To run this model directly in the browser with zero setup, open it in [Colab here](https://colab.research.google.com/github/sararob/keras-wine-model/blob/master/keras-wide-deep.ipynb).

In [0]:
from __future__ import absolute_import
from __future__ import division
from __future__ import print_function

In [0]:
# Install the latest version of TensorFlow
!pip install -q -U tensorflow==1.7.0

In [0]:
import itertools
import os
import math
import numpy as np
import pandas as pd
import tensorflow as tf

from sklearn.preprocessing import LabelEncoder
from tensorflow import keras
layers = keras.layers

# This code was tested with TensorFlow v1.7 
print("You have TensorFlow version", tf.__version__)

You have TensorFlow version 1.7.0


In [0]:
# Get the data: original source is here: https://www.kaggle.com/zynicide/wine-reviews/data
URL = "https://storage.googleapis.com/sara-cloud-ml/wine_data.csv"
path = tf.keras.utils.get_file(URL.split('/')[-1], URL)


Downloading data from https://storage.googleapis.com/sara-cloud-ml/wine_data.csv


In [0]:
# Convert the data to a Pandas data frame
data = pd.read_csv(path)

In [0]:
# Shuffle the data
data = data.sample(frac=1)

# Print the first 5 rows
data.head()

Unnamed: 0.1,Unnamed: 0,country,description,designation,points,price,province,region_1,region_2,variety,winery
50822,50822,US,"An awkward wine. Smells a little vegetal, and ...",Family Estate Vineyard Private Reserve,82,48.0,California,Santa Lucia Highlands,Central Coast,Pinot Noir,Manzoni
32472,32472,France,This is a wine with potential.
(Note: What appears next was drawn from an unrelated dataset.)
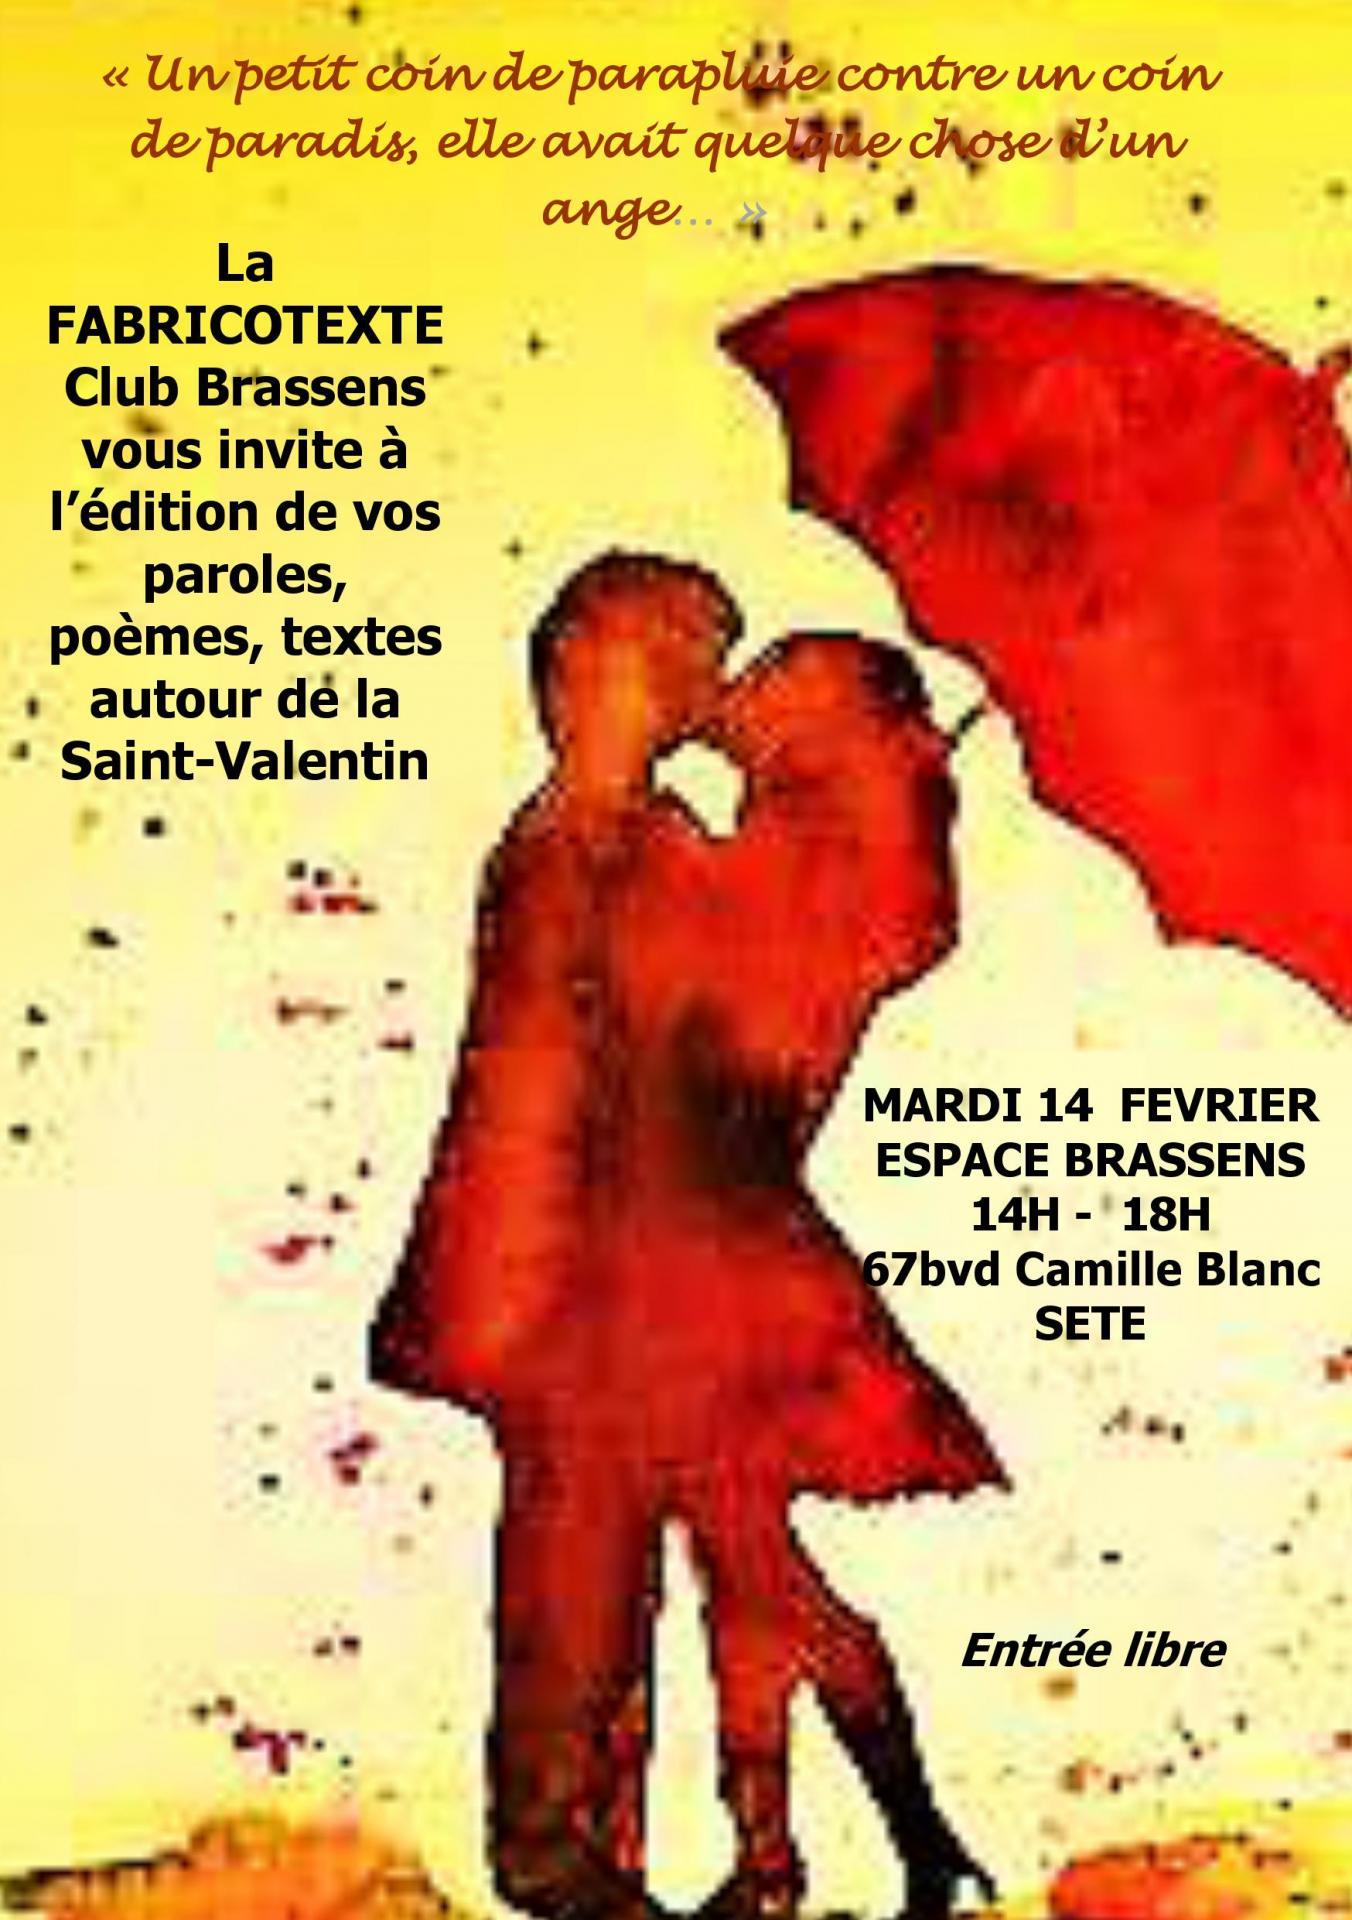 Image affiche st valentin

It has weight a...,,90,10.0,Bordeaux,Bordeaux,,Bordeaux-style Red Blend,Château Camelot la Chapelle
30941,30941,France,This structured wine with good weight is full ...,,88,30.0,Burgundy,Savigny-lès-Beaune,,Pinot Noir,Pierre Cornu Camus
134662,134662,Italy,"Made from Vermentino Nero, this unique red rec...",,88,45.0,Tuscany,Toscana,,Vermentino Nero,Cima
10303,10303,US,The sweet smell of campfire meets with bacon f...,Solomon Hills Vineyard,94,50.0,California,Santa Maria Valley,Central Coast,Pinot Noir,Landmark


In [0]:
# Do some preprocessing to limit the # of wine varities in the dataset
data = data[pd.notnull(data['country'])]
data = data[pd.notnull(data['price'])]
data = data.drop(data.columns[0], axis=1) 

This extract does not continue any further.